> **Aim of the exercise**
Print each line below verbatim, skipping every picture.

> **Data extract**
——————————

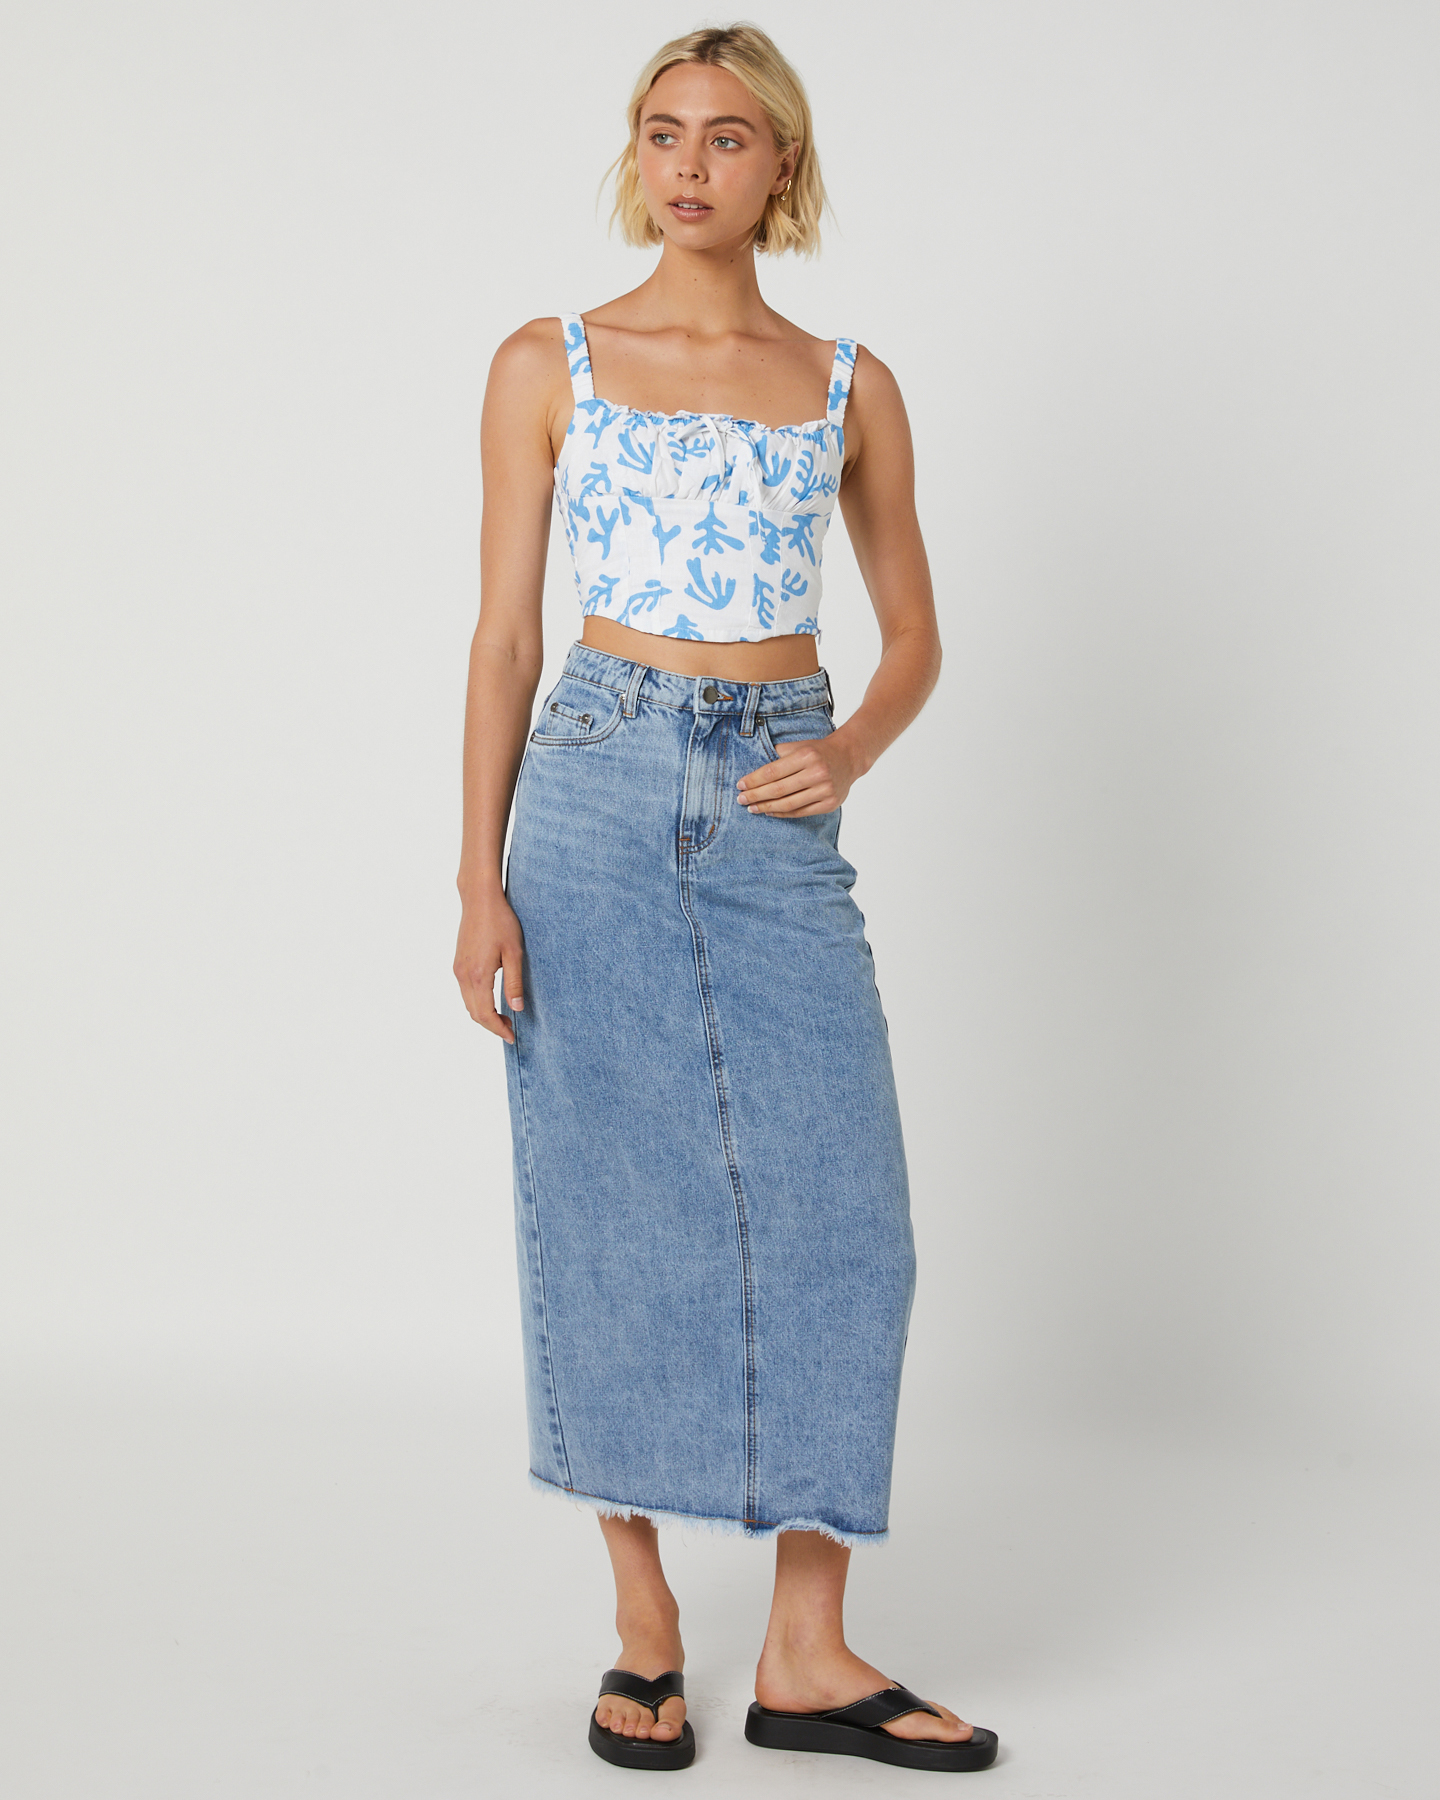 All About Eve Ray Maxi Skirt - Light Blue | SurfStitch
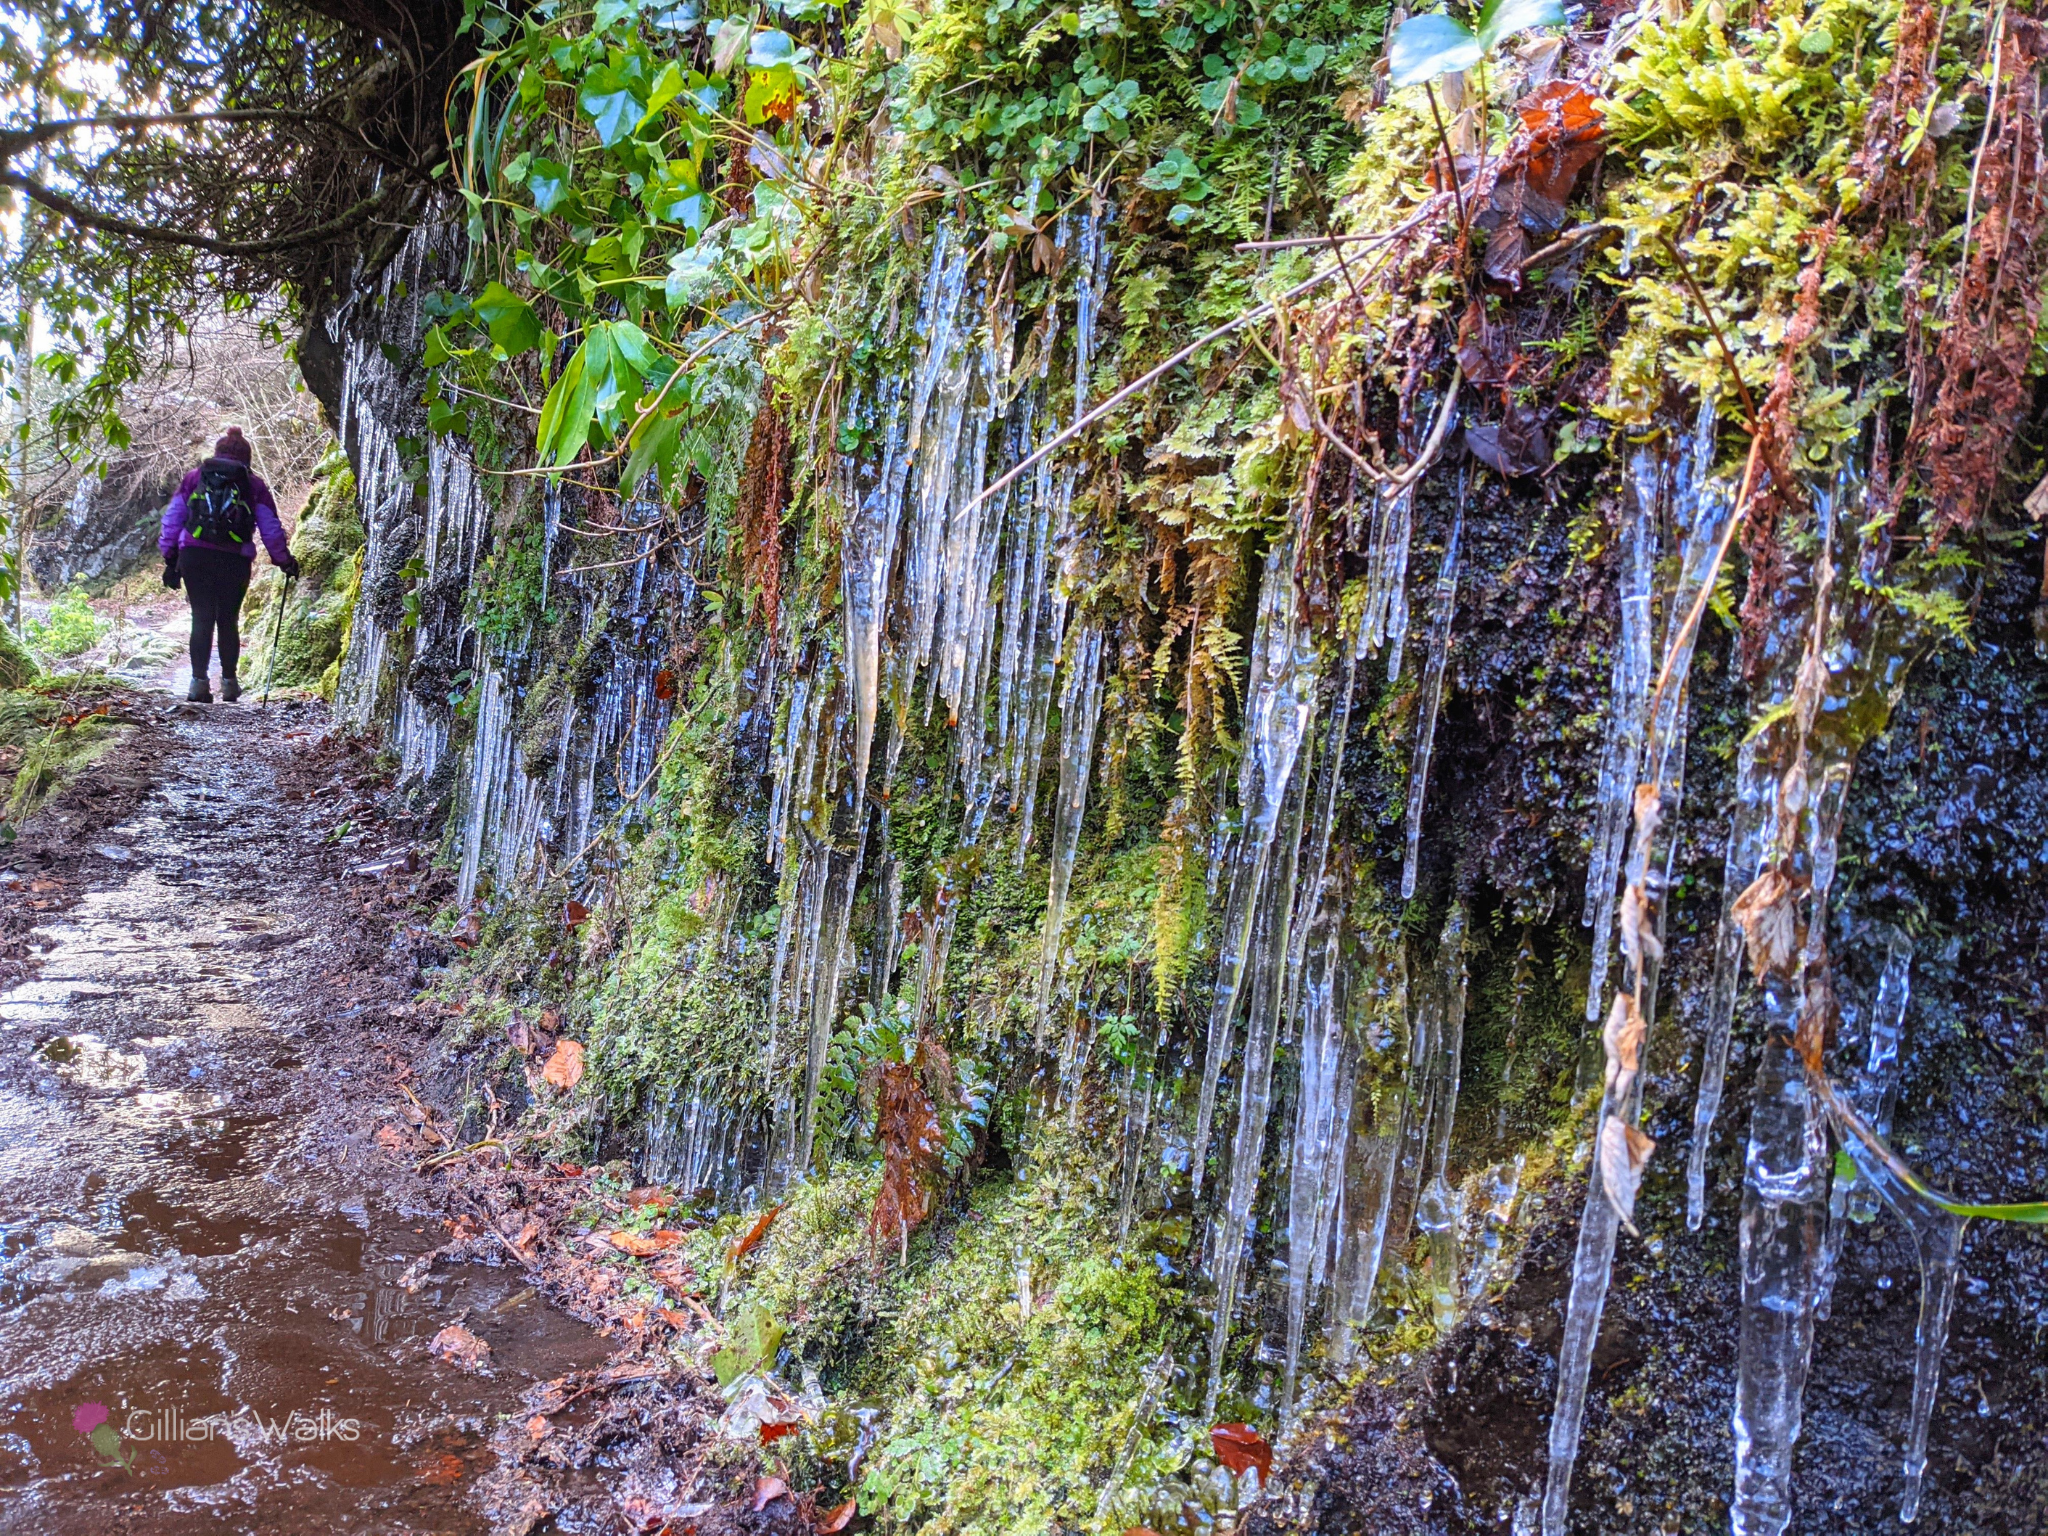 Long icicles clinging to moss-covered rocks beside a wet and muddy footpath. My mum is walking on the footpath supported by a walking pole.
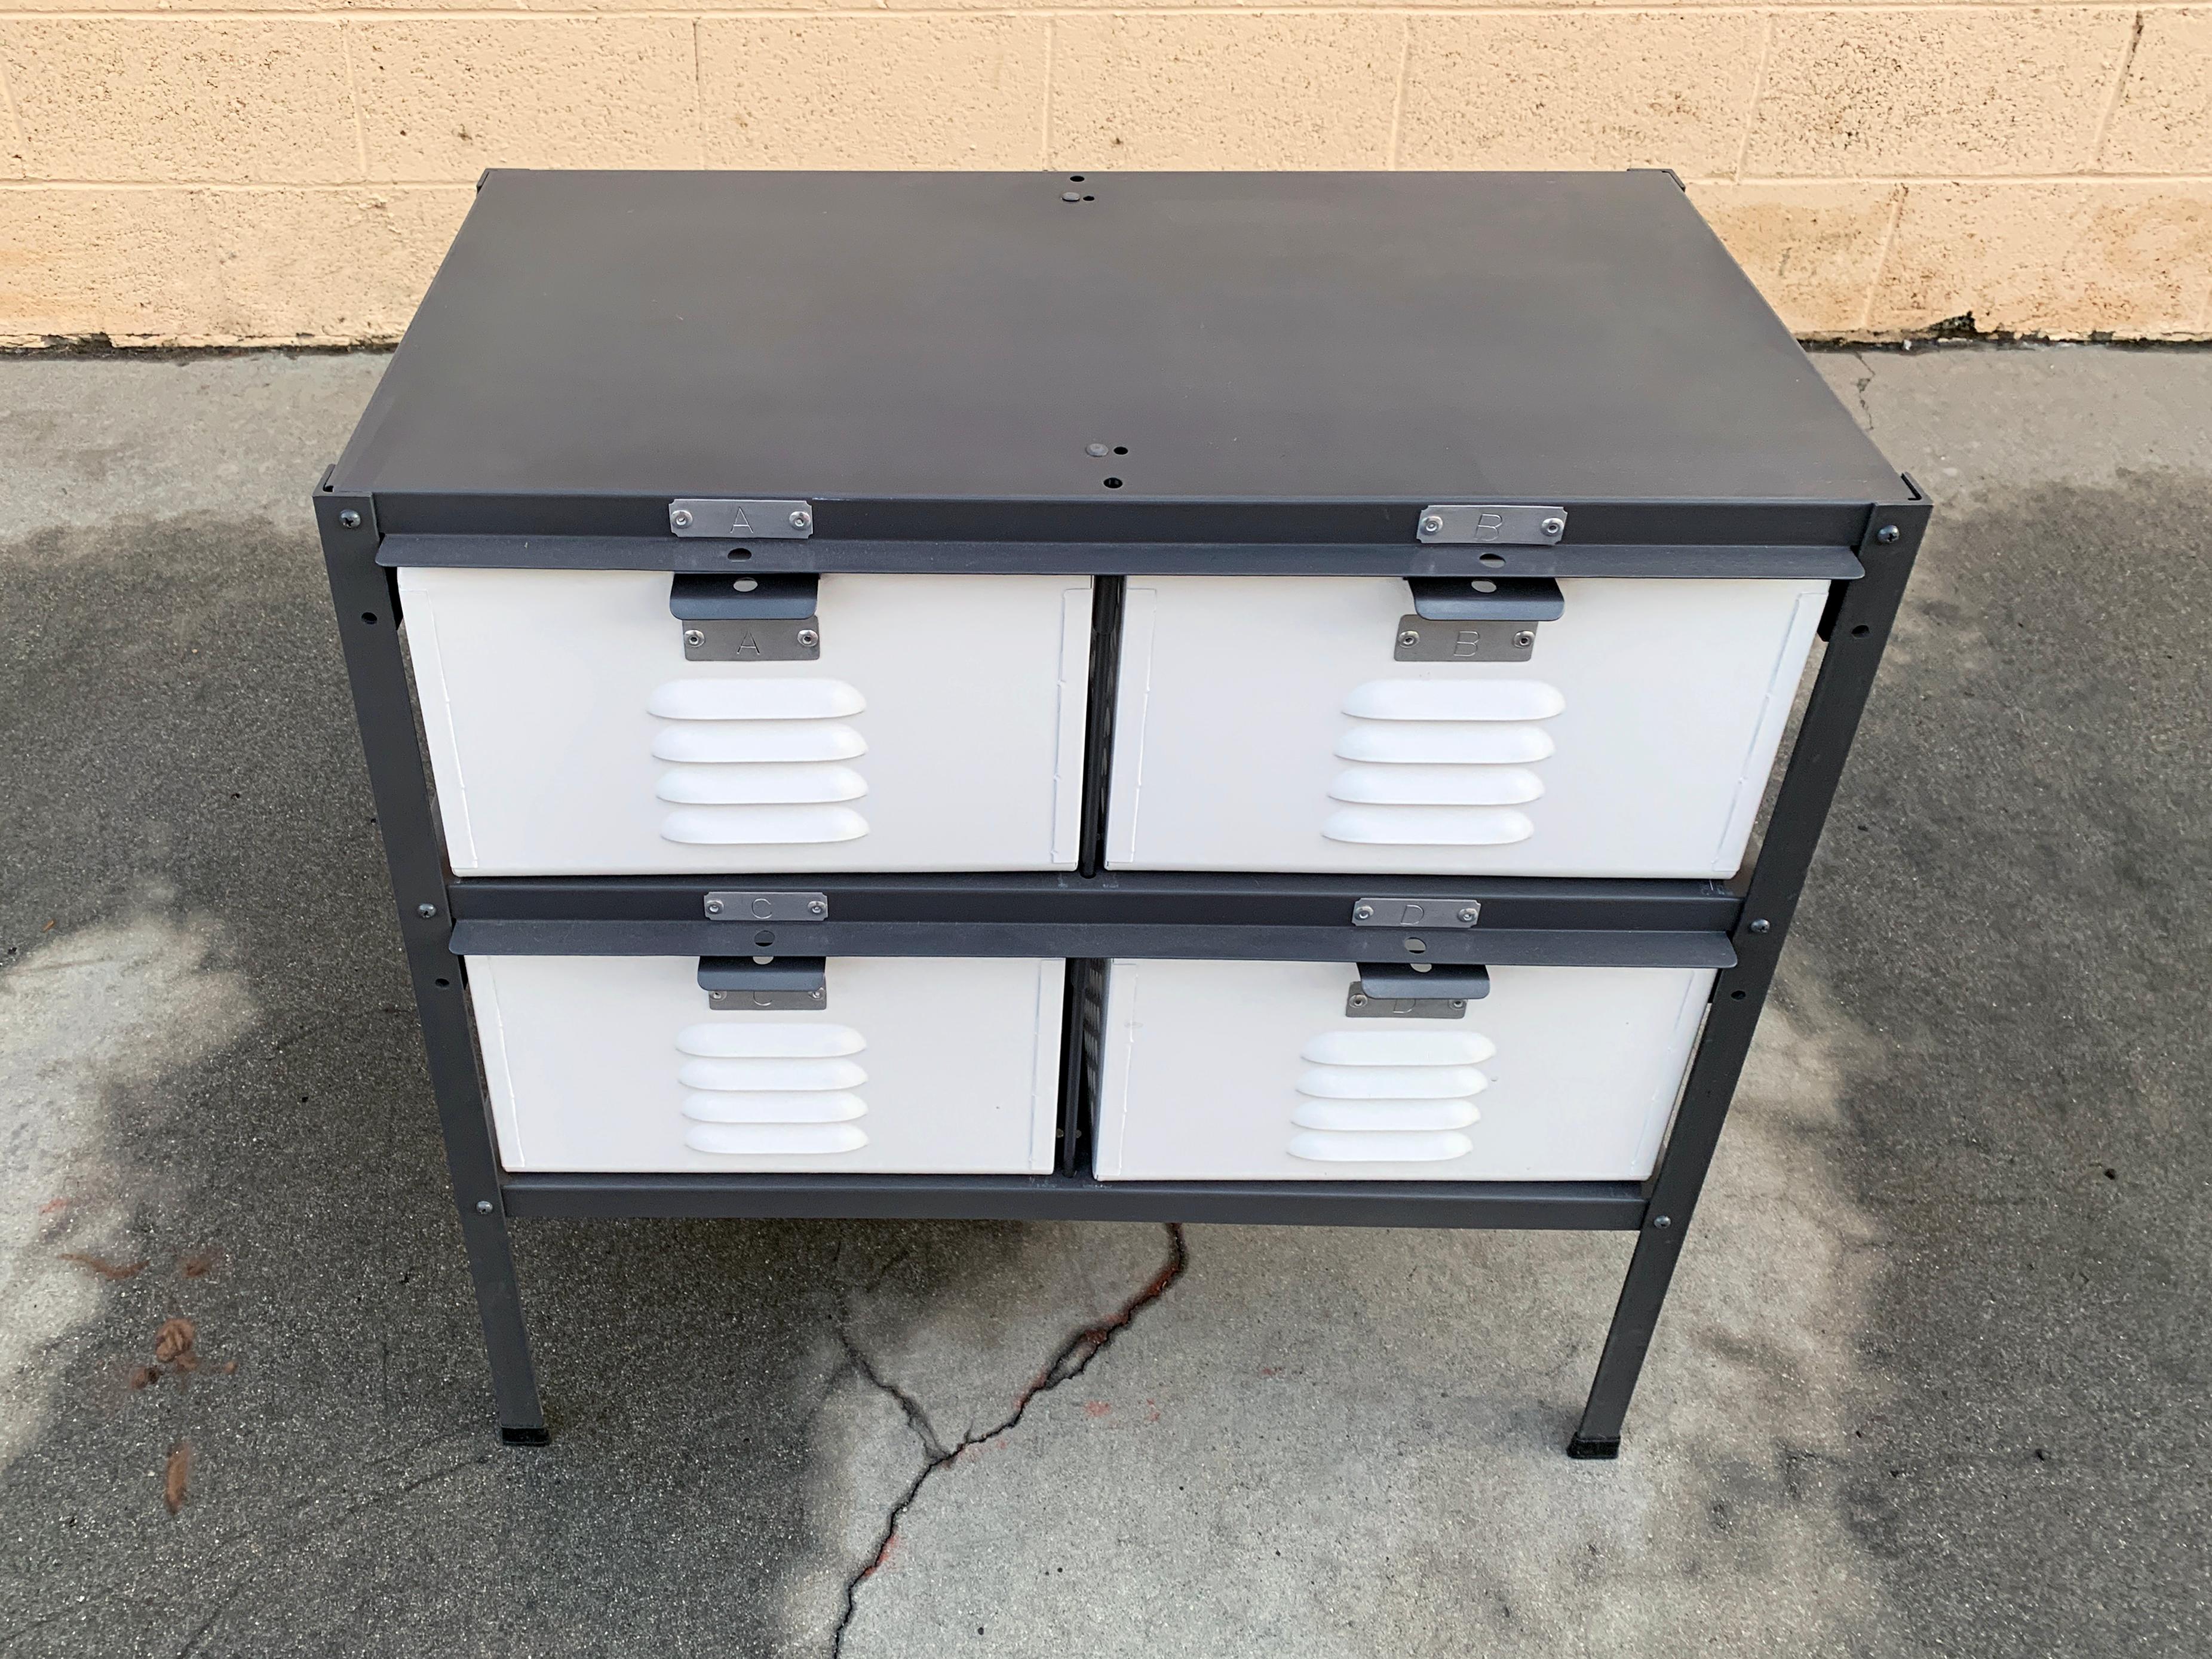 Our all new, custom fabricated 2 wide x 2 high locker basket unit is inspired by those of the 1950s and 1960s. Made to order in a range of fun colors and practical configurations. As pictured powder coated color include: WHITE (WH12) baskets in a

——————————

> **Answer**
 All About Eve Ray Maxi Skirt - Light Blue | SurfStitch
 Long icicles clinging to moss-covered rocks beside a wet and muddy footpath. My mum is walking on the footpath supported by a walking pole.
 Our all new, custom fabricated 2 wide x 2 high locker basket unit is inspired by those of the 1950s and 1960s. Made to order in a range of fun colors and practical configurations. As pictured powder coated color include: WHITE (WH12) baskets in a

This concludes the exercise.